I would like to read a block of bytes from file (e.g. 400KB ), replace some text in the buffer and then write it to file. Originally I tried TFileStream with buffer array of bytes but then I stuck on the problem that stringreplace works with string.
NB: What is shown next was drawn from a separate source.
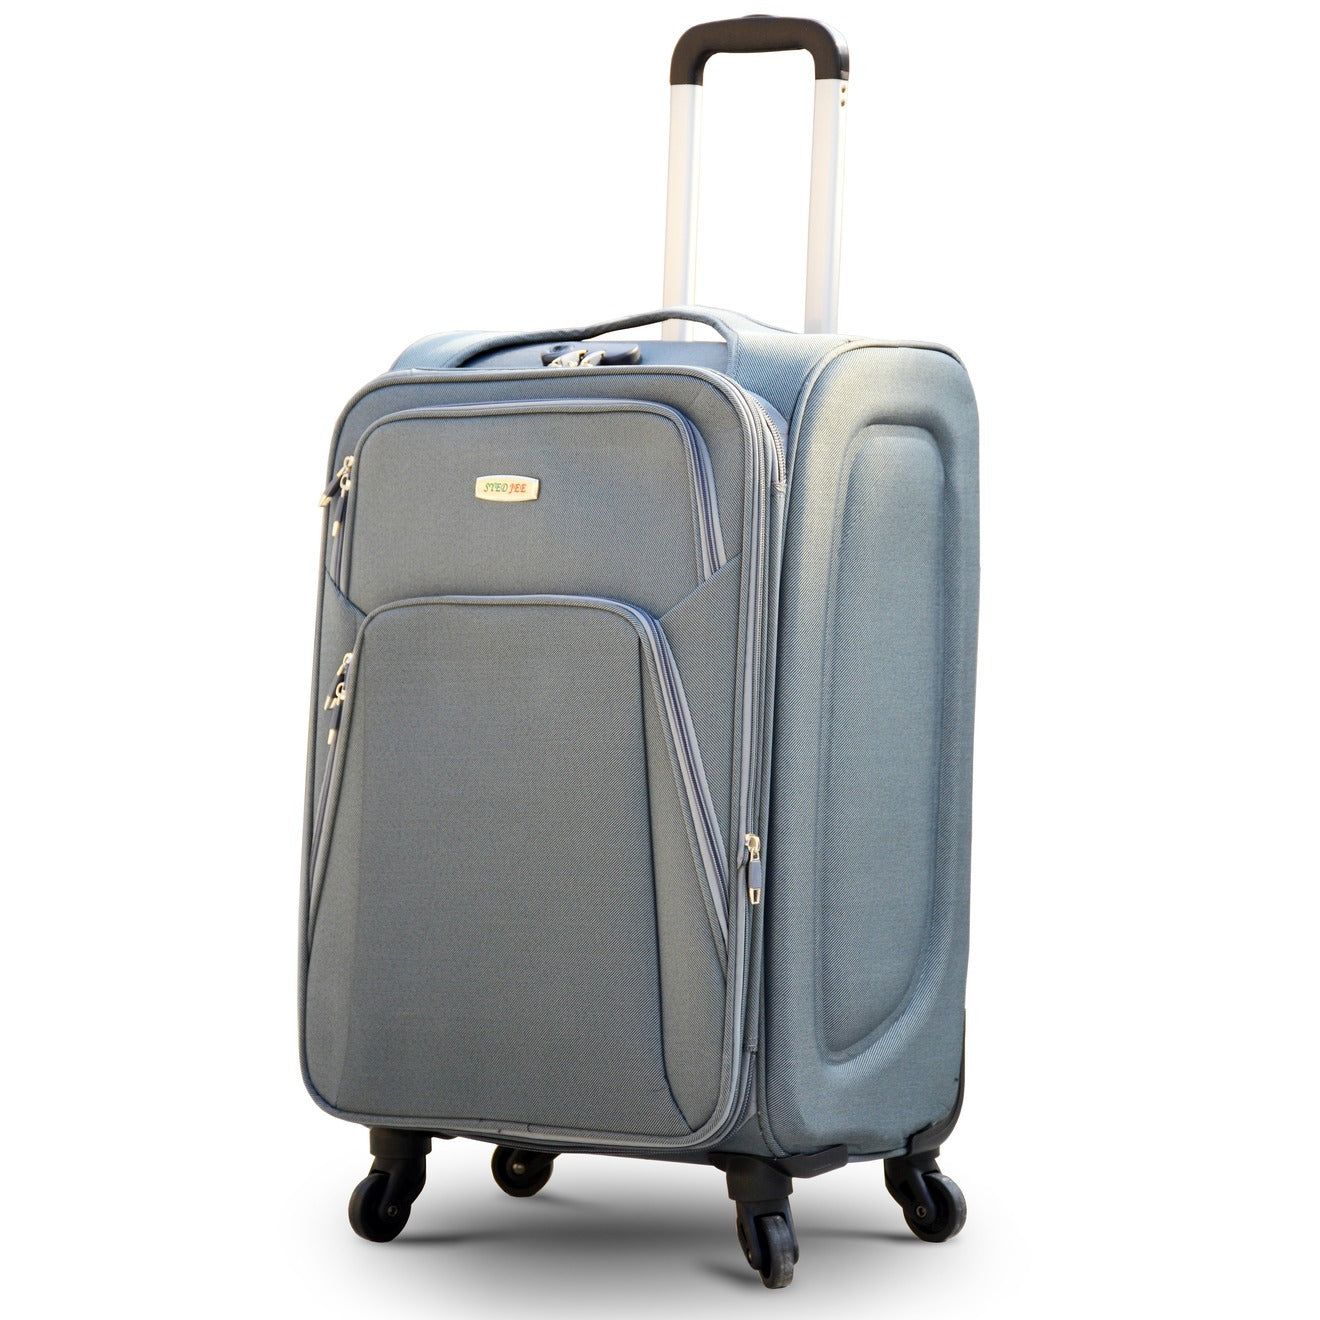 SJ JIAN 4 Wheel Lightweight Soft Material Luggage Bag Zaappy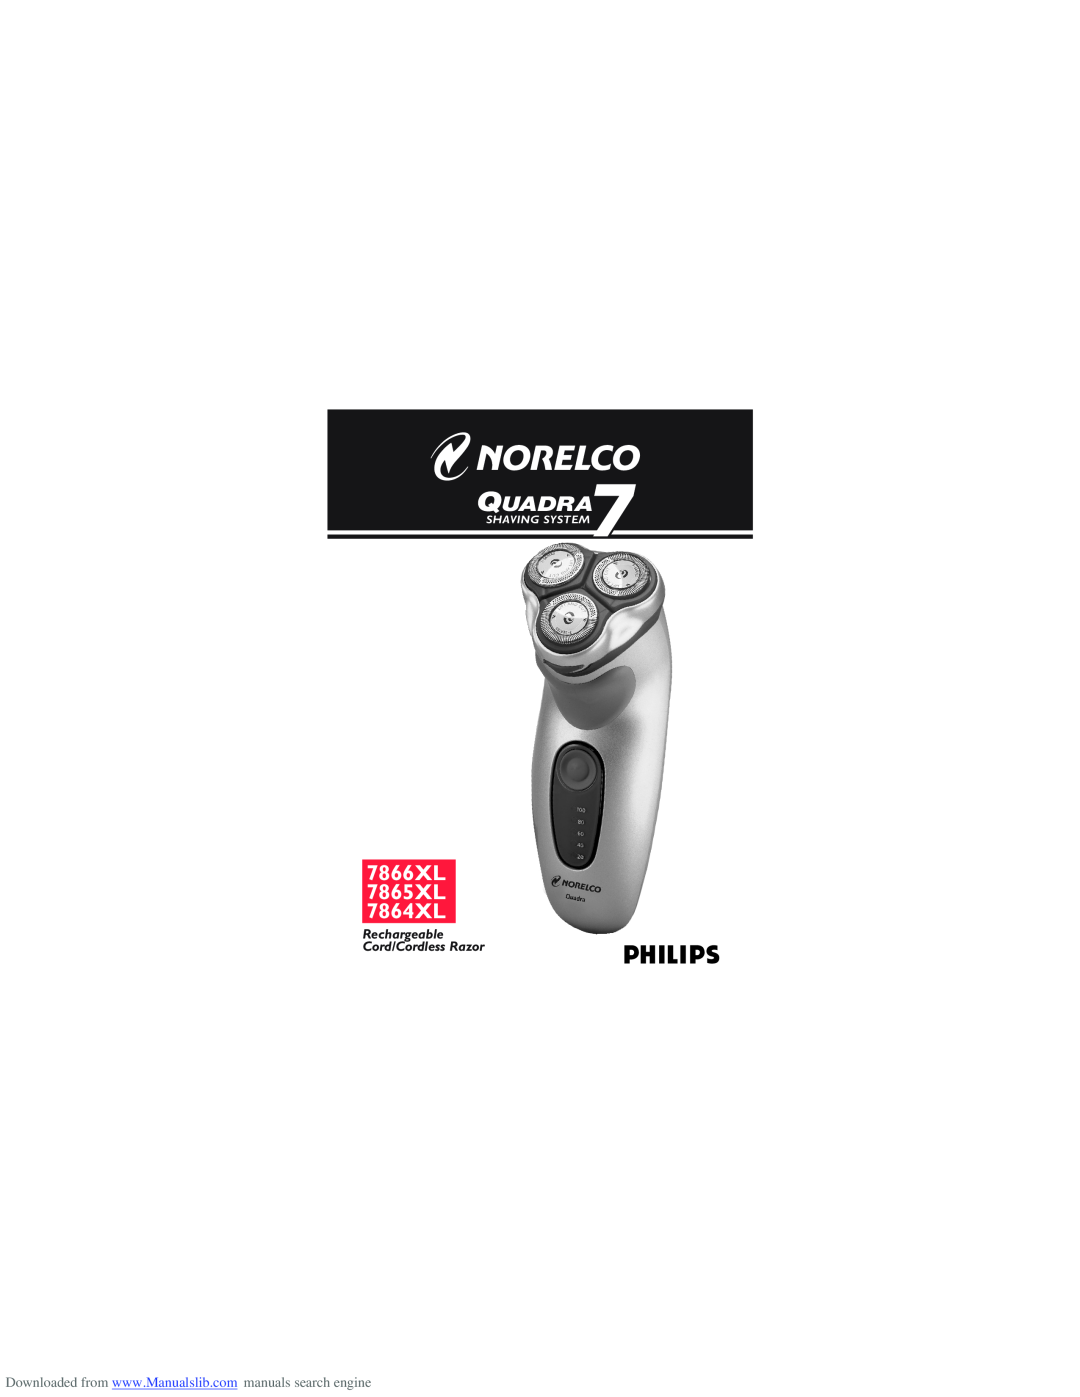 Philips manual 7866XL 7865XL 7864XL, QUADRA7, Rechargeable Cord/Cordless Razor, Shaving System

The source data are txt UTF-8. This is what I have:
var
SS,ST: TFileStream;
Buffer: string;
sf,tf,TempStr: string;
i: Integer;
begin
sf := 'U:\SYSTEM\enwiktionary-latest-stub-articles\stub-articles.xml';
tf := 'A:1.txt';
SS := TFileStream.Create(sf, fmOpenRead);
ST := TFileStream.Create(tf, fmCreate or fmOpenWrite);
try
SS.Read(Buffer, sizeof(Buffer));
Buffer := stringreplace(Buffer, '<page>','<p>', [rfReplaceAll]);
Buffer := stringreplace(Buffer, '</page>','</p>', [rfReplaceAll]);
Buffer := stringreplace(Buffer, '<title>','<t>', [rfReplaceAll]);
Buffer := stringreplace(Buffer, '</title>','</t>', [rfReplaceAll]);
Buffer := stringreplace(Buffer, '<ns>','<n', [rfReplaceAll]);
Buffer := stringreplace(Buffer, '</ns>','>', [rfReplaceAll]);
Buffer := stringreplace(Buffer, '<revision>','<r>', [rfReplaceAll]);
Buffer := stringreplace(Buffer, '</revision>','</r>', [rfReplaceAll]);
Buffer := stringreplace(Buffer, '<id>','<i', [rfReplaceAll]);
Buffer := stringreplace(Buffer, '</id>','>', [rfReplaceAll]);
Buffer := stringreplace(Buffer, '<parentid>','<pi', [rfReplaceAll]);
Buffer := stringreplace(Buffer, '</parentid>','>', [rfReplaceAll]);
Buffer := stringreplace(Buffer, '<contributor>','', [rfReplaceAll]);
Buffer := stringreplace(Buffer, '</contributor>','', [rfReplaceAll]);
Buffer := stringreplace(Buffer, '<username>','<u>', [rfReplaceAll]);
Buffer := stringreplace(Buffer, '</username>','</u>', [rfReplaceAll]);
Buffer := stringreplace(Buffer, '<comment>','<c>', [rfReplaceAll]);
Buffer := stringreplace(Buffer, '</comment>','</c>', [rfReplaceAll]);
Buffer := stringreplace(Buffer, '<text id="','<t =', [rfReplaceAll]);
Buffer := stringreplace(Buffer, '" bytes="',' b=', [rfReplaceAll]);
ST.Write(Buffer, sizeof(Buffer));
finally
SS.Free;
end;
Buffer := stringreplace
makes Runtime error Access violation..
Use UTF8 buffer string and allocate place for string body:
Buffer: AnsiString; //type UTF8String = AnsiString;
...
SetLength(Buffer, BlockSize)
SS.Read(PAnsiChar(Buffer)^, BlockSize);
...
ST.Write(PAnsiChar(Buffer)^, Length(Buffer));
But with this approach you can loose patterns at the borders of blocks. Why not use TStringList
, load all contents in it and work with its lines?